Art today has become strongly dependent on conceptual ideas and form has taken a lesser role since 1920. This change in how the figure has been seen abruptly ended in art schools just as World War 1 ended.. This is not coincidental. There is a change in the general psyche of the world at that moment.
It feels appropriate to create a memorial that harkens back to an era that still believes in the sacred. And in many ways this is the next wave of art as it proceeds forward always reinventing and re-creating itself in a fresh new light.
How do you create a memorial that stimulates the public to do a double take when they see the art?
It is imperative to create something that everybody can understand. Yes, there can be hidden meanings, but first and foremost the visuals must relay the story.
The story must carry a sense of drama and theater to convey feeling. We all understand emotions. It is how we travel through our lives and make sense of our world.
It is my job as an artist to create a visceral memory of what World War I was like. The art carries an emotional truth and energy that people can appreciate and understand, and in that understanding an emotional reaction is created in the visitor. From that emotional reaction an interest in knowing more about this forgotten war is sparked.
These feeling help tell the story on a personal level. As I developed A SOLDIER”S STORY, this one soldier’s voyage has come to represent on a deeper level what transpired for America both at home and globally.
All this is contingent upon the level of the art created. There can be no glitches in the flow of the composition. The structure of each of the individual figures must be solid by itself and transition well into the figures that surround it. There is an underlying architectural structure to the full composition. An X passes through the very center of the composition connecting all of the figures to the core.
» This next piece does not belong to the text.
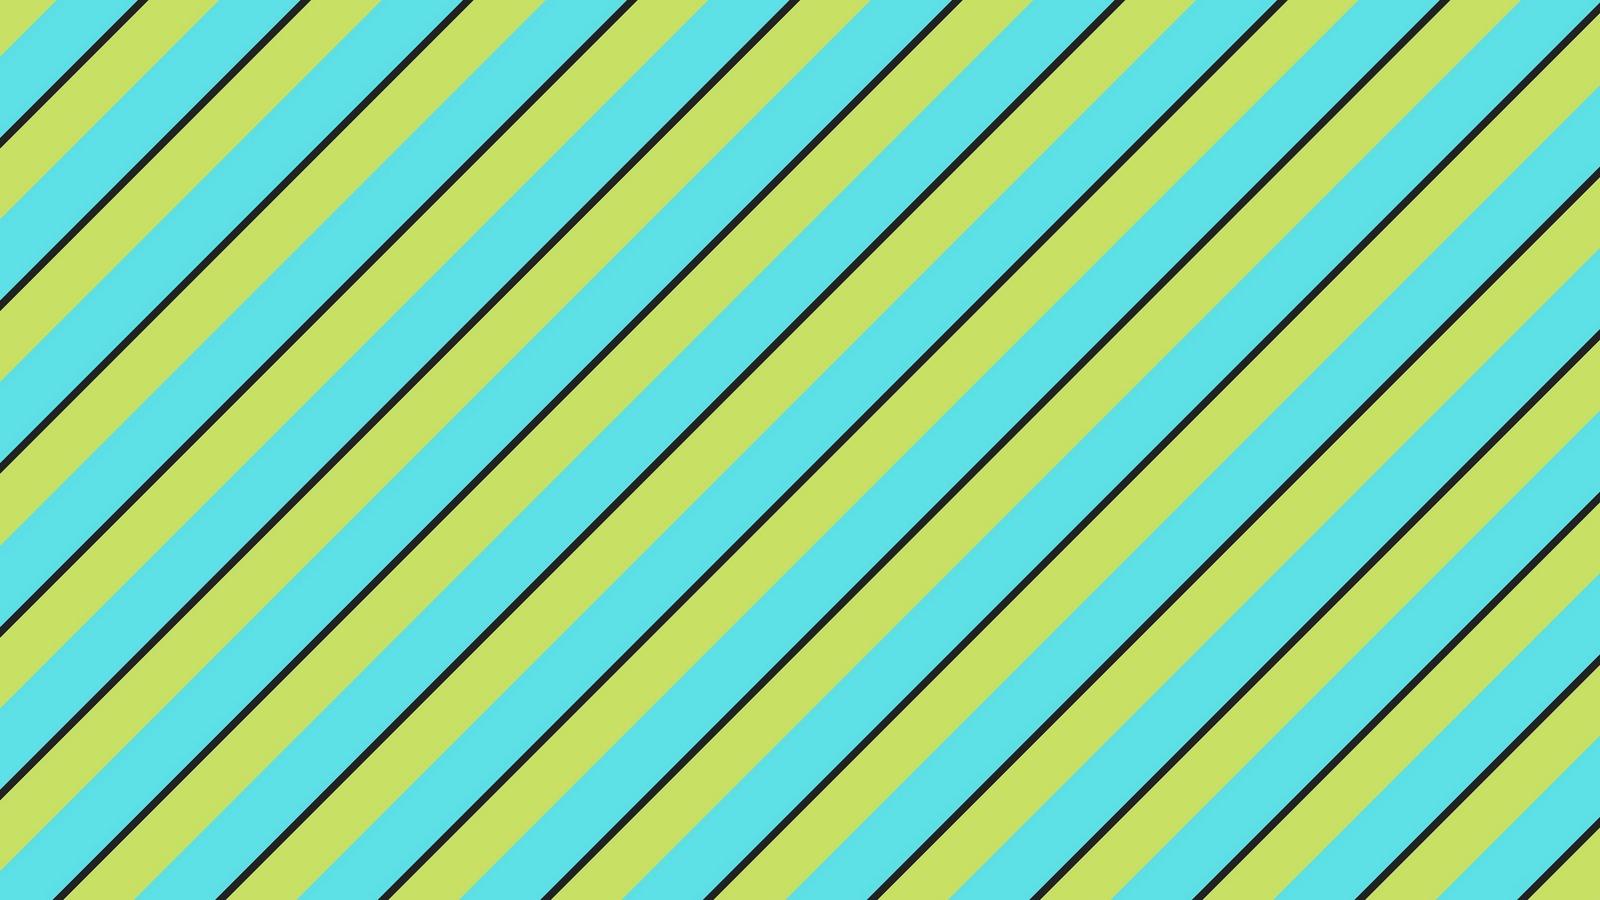 Download wallpaper 1600x900 lines, diagonally, background, yellow

The symbol of X has meaning of transformation and change.
The WSJ best described my narrative in the following quote,
” The soldier will journey from the arms of his family, through the
brutality of battle, past figures representing death and madness, into the care of
a nurse, and finally return home forever changed.”
The Memorial must have a story that is universally understood, it needs a uniqueness in its artistic vision, and must be created at the highest level artistically.
I wish to create something that is shocking but not shocking in the modern sense, but Shockingly beautiful!